# [WHAT YOU WILL DO]
Every line in the records below between the one holding "S550 Stang Coyote" and the one holding "90s 'Erika Taylor'", inclusive, is to be set down exactly; all other lines are to be left out.
______________________________
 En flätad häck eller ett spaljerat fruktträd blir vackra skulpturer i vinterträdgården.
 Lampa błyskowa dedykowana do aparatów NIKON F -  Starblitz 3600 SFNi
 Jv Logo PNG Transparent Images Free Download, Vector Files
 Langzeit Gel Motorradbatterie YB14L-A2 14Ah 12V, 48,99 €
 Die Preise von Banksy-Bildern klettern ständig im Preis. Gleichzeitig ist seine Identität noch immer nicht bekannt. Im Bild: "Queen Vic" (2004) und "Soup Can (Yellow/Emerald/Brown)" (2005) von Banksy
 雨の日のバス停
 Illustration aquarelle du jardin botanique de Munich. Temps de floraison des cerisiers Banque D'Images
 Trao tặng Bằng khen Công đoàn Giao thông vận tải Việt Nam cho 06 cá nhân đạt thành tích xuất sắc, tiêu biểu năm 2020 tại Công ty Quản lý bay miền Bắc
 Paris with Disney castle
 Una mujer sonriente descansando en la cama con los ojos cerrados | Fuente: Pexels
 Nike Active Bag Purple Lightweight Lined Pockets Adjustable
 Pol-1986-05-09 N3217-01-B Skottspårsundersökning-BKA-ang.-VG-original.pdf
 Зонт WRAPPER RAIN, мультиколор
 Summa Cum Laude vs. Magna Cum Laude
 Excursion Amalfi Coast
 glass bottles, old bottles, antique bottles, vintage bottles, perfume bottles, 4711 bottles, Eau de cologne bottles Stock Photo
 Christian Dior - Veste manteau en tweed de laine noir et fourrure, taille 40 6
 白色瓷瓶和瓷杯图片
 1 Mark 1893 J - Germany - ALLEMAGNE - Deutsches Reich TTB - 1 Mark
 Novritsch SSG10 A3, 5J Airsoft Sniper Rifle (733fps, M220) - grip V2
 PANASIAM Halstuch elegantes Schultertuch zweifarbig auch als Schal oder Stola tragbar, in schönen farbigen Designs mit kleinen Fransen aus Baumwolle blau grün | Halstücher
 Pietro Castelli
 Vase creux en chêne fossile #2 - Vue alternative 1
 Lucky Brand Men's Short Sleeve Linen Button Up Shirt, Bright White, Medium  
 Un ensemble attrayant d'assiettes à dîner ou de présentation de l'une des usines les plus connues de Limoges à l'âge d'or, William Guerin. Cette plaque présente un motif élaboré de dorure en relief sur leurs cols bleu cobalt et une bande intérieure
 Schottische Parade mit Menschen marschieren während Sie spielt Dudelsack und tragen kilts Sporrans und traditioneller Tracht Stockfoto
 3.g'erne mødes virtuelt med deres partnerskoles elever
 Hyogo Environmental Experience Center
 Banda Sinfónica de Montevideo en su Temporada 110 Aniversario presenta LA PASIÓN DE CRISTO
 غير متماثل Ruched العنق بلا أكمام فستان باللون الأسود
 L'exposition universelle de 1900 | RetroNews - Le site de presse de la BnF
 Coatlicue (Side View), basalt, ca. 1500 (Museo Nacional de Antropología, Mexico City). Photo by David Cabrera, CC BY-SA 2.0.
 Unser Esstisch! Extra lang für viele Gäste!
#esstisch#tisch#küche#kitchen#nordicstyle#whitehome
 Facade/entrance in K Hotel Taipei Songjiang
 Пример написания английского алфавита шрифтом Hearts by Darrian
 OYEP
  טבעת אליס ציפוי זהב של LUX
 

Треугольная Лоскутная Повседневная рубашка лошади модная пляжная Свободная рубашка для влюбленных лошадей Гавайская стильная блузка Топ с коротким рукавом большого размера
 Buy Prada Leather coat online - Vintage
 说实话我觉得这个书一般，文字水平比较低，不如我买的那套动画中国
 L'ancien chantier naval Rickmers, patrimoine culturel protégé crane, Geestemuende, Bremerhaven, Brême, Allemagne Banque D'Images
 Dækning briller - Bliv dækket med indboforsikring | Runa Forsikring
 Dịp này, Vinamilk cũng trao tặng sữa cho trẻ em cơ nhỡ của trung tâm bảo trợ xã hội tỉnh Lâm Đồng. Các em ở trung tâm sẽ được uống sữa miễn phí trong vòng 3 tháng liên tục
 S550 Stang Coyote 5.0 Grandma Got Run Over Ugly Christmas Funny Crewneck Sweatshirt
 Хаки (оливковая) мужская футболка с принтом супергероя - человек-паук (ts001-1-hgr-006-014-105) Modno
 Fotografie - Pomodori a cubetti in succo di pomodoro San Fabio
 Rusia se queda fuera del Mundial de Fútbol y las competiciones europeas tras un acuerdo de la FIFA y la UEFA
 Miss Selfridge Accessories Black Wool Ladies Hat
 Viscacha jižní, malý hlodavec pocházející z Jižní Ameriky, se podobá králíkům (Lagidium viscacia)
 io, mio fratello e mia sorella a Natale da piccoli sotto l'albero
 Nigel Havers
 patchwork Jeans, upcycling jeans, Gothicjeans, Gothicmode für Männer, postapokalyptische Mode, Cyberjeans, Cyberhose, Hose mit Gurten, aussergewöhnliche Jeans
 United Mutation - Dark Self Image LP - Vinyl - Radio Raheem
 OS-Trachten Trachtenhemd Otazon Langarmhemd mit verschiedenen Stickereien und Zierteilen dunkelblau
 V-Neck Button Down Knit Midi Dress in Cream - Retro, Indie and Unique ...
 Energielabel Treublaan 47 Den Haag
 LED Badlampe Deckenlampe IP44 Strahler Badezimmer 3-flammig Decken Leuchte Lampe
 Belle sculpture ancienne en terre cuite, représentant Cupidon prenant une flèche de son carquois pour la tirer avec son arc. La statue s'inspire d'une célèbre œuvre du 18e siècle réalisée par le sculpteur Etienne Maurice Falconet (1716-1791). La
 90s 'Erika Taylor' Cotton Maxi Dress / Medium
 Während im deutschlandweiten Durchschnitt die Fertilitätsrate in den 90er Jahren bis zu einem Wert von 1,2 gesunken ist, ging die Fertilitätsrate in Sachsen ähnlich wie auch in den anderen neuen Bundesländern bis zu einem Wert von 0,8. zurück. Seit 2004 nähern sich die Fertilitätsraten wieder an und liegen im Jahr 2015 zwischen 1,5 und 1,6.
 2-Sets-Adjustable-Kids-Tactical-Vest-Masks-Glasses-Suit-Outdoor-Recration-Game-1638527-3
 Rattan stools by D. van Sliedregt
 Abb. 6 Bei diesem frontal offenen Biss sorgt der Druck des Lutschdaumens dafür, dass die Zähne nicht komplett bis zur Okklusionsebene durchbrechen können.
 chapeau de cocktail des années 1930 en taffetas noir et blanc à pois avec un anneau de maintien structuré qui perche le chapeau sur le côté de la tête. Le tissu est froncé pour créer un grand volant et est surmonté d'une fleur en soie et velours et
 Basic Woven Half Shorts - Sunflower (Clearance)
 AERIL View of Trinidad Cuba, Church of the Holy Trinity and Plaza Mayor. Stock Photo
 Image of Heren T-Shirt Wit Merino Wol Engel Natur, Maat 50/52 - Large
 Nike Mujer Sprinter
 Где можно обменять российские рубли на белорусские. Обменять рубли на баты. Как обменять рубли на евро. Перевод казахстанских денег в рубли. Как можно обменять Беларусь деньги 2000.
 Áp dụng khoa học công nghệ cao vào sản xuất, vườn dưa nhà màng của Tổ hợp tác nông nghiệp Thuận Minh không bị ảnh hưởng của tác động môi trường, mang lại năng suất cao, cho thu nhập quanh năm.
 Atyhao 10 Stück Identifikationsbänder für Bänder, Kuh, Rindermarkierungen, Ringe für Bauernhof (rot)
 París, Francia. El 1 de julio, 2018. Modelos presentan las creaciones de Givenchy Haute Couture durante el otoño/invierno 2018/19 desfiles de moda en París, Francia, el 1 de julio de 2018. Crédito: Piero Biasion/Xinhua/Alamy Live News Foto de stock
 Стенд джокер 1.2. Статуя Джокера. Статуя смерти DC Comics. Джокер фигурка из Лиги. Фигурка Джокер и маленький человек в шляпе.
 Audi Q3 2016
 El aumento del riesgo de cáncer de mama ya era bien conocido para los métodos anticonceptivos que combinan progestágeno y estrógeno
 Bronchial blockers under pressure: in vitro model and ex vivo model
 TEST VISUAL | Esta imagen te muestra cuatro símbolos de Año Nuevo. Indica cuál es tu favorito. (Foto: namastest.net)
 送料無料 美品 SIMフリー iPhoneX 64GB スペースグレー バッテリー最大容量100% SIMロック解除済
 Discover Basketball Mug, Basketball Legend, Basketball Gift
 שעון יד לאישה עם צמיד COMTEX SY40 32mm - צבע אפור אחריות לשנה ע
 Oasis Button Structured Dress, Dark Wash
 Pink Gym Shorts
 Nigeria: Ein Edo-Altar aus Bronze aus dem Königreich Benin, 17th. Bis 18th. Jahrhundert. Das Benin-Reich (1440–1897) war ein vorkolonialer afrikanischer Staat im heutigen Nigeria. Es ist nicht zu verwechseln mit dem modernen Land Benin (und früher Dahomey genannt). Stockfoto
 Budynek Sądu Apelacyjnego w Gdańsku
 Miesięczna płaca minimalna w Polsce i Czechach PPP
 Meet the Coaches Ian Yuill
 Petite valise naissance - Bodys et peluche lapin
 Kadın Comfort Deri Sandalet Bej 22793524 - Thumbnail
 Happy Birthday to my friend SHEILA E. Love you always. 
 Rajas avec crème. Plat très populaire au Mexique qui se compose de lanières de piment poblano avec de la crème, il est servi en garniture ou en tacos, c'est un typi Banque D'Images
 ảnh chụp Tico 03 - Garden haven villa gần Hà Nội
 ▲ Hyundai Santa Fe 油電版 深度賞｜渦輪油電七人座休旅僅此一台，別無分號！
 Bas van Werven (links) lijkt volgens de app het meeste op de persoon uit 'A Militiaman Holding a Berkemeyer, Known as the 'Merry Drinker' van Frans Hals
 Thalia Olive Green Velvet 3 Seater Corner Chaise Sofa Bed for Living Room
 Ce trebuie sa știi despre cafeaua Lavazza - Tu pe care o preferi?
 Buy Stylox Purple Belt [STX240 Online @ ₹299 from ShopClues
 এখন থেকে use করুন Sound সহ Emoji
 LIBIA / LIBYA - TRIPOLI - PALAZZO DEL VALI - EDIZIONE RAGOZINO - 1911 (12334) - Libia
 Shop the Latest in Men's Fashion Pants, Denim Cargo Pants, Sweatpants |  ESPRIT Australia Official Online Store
______________________________
# [RESULT OF THE EXERCISE]
 S550 Stang Coyote 5.0 Grandma Got Run Over Ugly Christmas Funny Crewneck Sweatshirt
 Хаки (оливковая) мужская футболка с принтом супергероя - человек-паук (ts001-1-hgr-006-014-105) Modno
 Fotografie - Pomodori a cubetti in succo di pomodoro San Fabio
 Rusia se queda fuera del Mundial de Fútbol y las competiciones europeas tras un acuerdo de la FIFA y la UEFA
 Miss Selfridge Accessories Black Wool Ladies Hat
 Viscacha jižní, malý hlodavec pocházející z Jižní Ameriky, se podobá králíkům (Lagidium viscacia)
 io, mio fratello e mia sorella a Natale da piccoli sotto l'albero
 Nigel Havers
 patchwork Jeans, upcycling jeans, Gothicjeans, Gothicmode für Männer, postapokalyptische Mode, Cyberjeans, Cyberhose, Hose mit Gurten, aussergewöhnliche Jeans
 United Mutation - Dark Self Image LP - Vinyl - Radio Raheem
 OS-Trachten Trachtenhemd Otazon Langarmhemd mit verschiedenen Stickereien und Zierteilen dunkelblau
 V-Neck Button Down Knit Midi Dress in Cream - Retro, Indie and Unique ...
 Energielabel Treublaan 47 Den Haag
 LED Badlampe Deckenlampe IP44 Strahler Badezimmer 3-flammig Decken Leuchte Lampe
 Belle sculpture ancienne en terre cuite, représentant Cupidon prenant une flèche de son carquois pour la tirer avec son arc. La statue s'inspire d'une célèbre œuvre du 18e siècle réalisée par le sculpteur Etienne Maurice Falconet (1716-1791). La
 90s 'Erika Taylor' Cotton Maxi Dress / Medium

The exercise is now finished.